If $y=1+\frac{1}{x}+\frac{1}{x^2}+\frac{1}{x^3}+\dots .\infty$ with $\left|x\right|>1$, then $\frac{dy}{dx}$ is equal to:

• A. $\frac{x^2}{y^2}$
• B. $x^2{y}^2$
• C. $\frac{y^2}{x^2}$
• D. $\frac{-y^2}{x^2}$

Answer 1

The correct option is D

$\frac{-y^2}{x^2}$

Explanation for the correct option.

Step 1: Simplify the given equation.

$1+\frac{1}{x}+\frac{1}{x^2}+\frac{1}{x^3}+\dots .\infty$ are in infinite G.P, where $a=1\mathrm{and}r=\frac{1}{x}$.
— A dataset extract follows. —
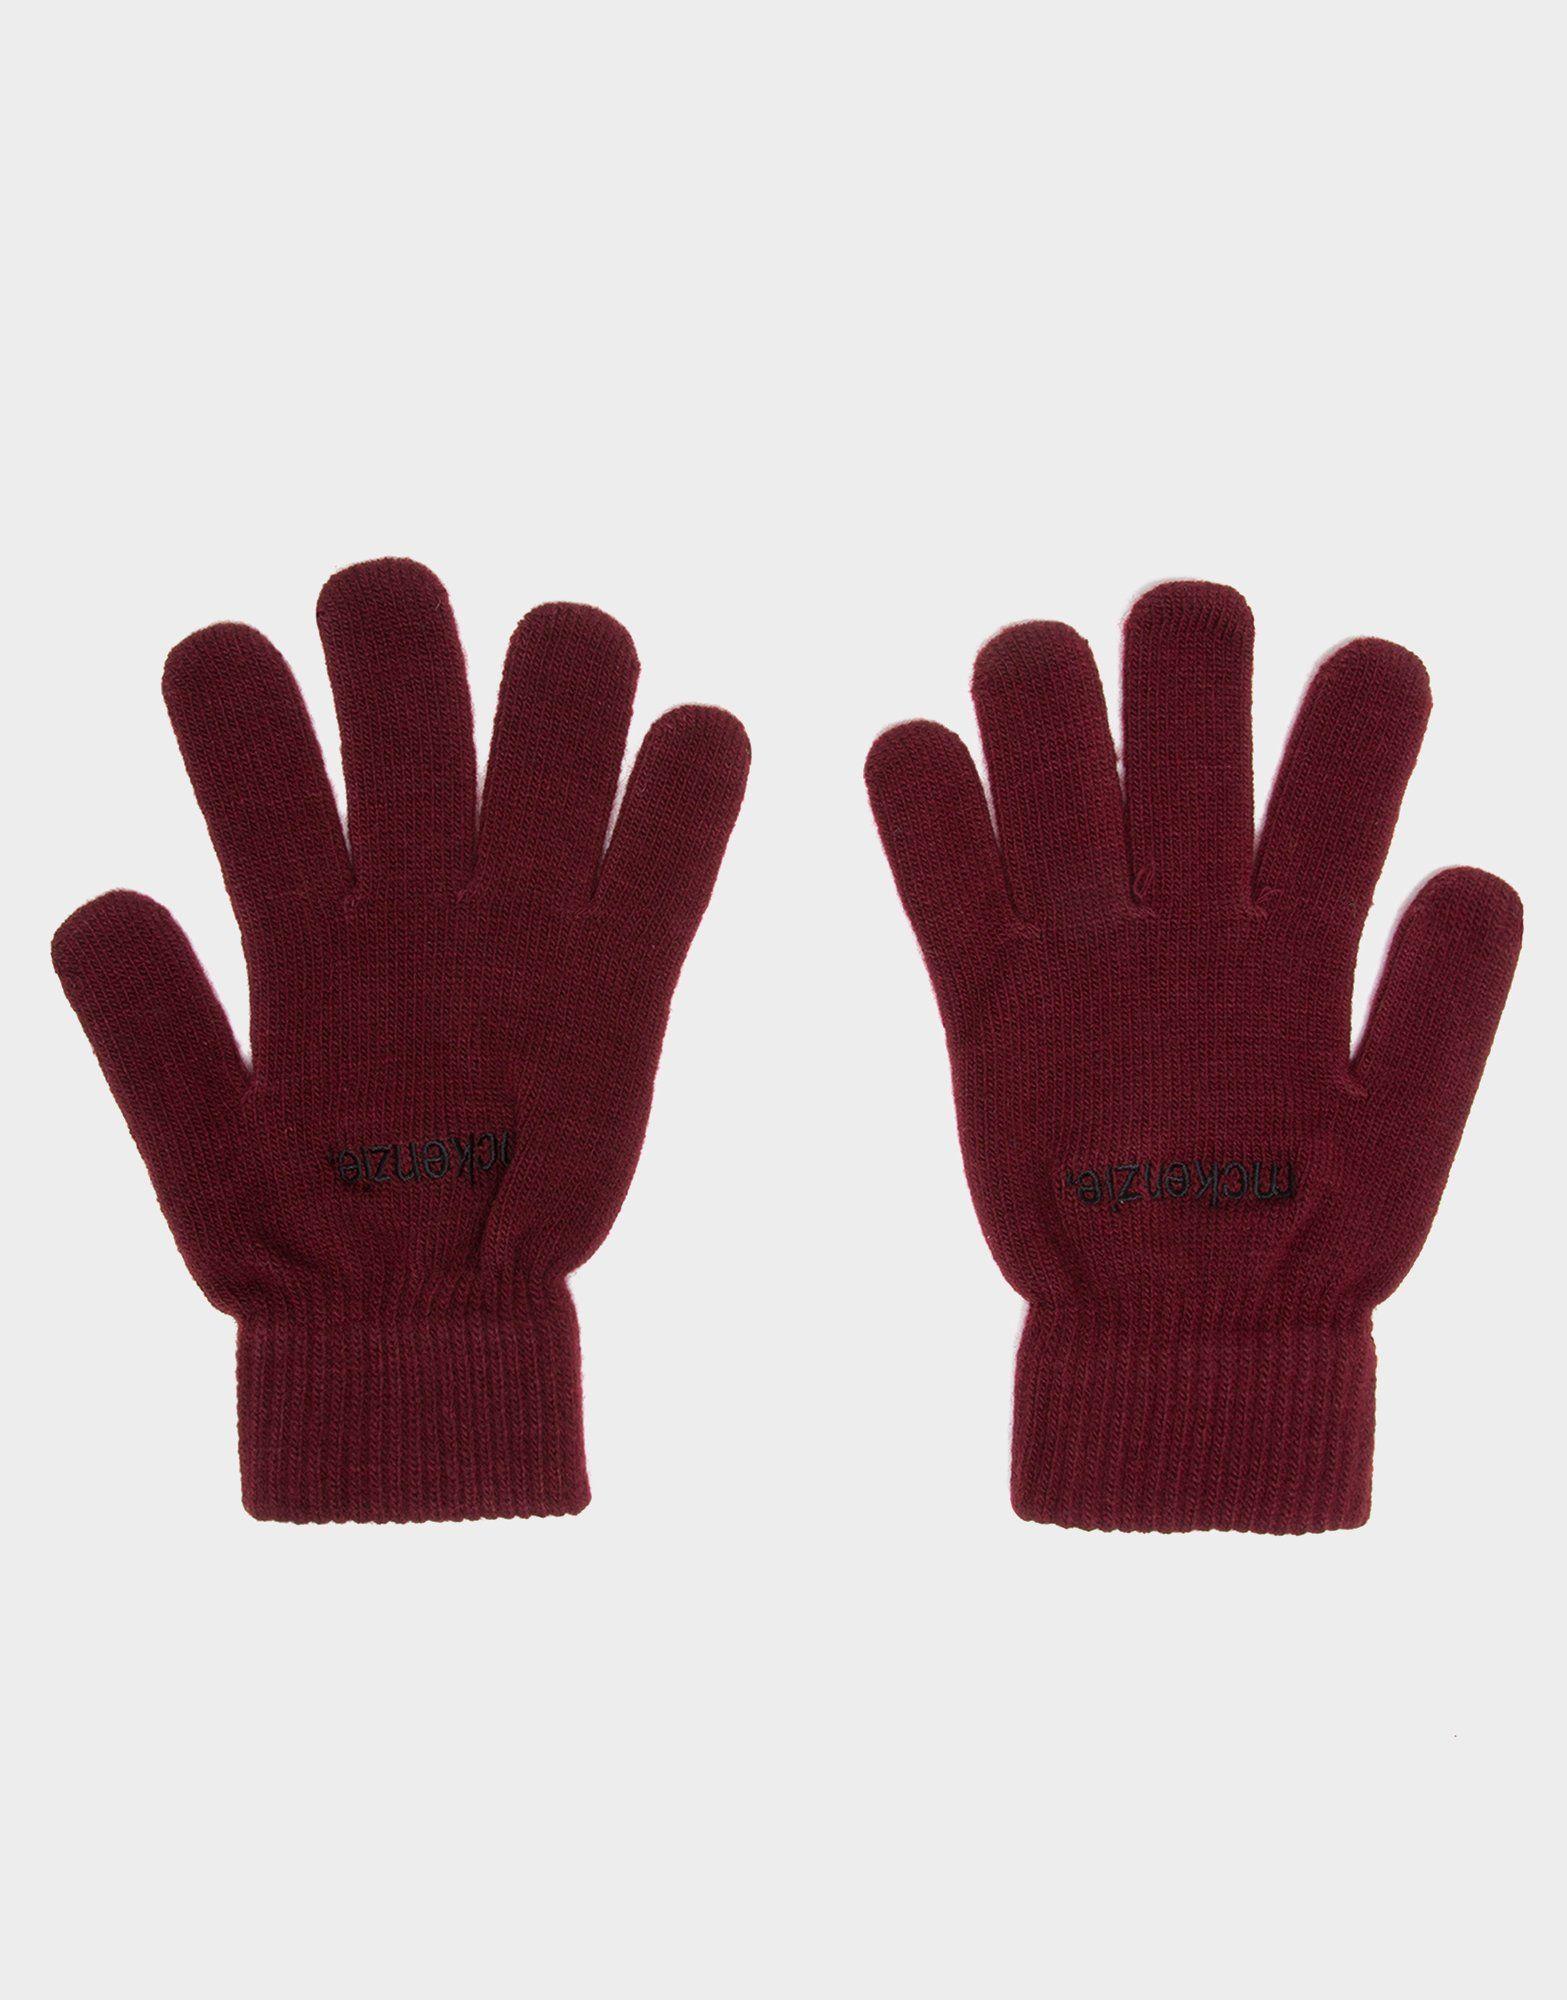 McKenzie Alonzo Gloves

Sum of infinite terms of G.P $=\frac{a}{1-r}$.

So,

$\begin{array}{rcl}y& =& \frac{1}{1-{\displaystyle \frac{1}{x}}}\\ & =& \frac{x}{x-1}.....\left(1\right)\end{array}$

Step 2: Find $\frac{dy}{dx}$.

By differentiating w.r.t $x$, we get

$\begin{array}{rcl}\frac{dy}{dx}& =& \frac{\left(x-1\right)\left(1\right)-\left(x\right)\left(1\right)}{{\left(x-1\right)}^2}\\ & =& \frac{x-1-x}{{\left(x-1\right)}^2}\\ & =& \frac{-1}{{\left(x-1\right)}^2}\\ & =& \frac{-1}{{\left({\displaystyle \frac{x}{y}}\right)}^2}\left[\mathrm{from}\left(1\right)\right]\\ & =& \frac{-y^2}{x^2}\end{array}$

Hence, option D is correct.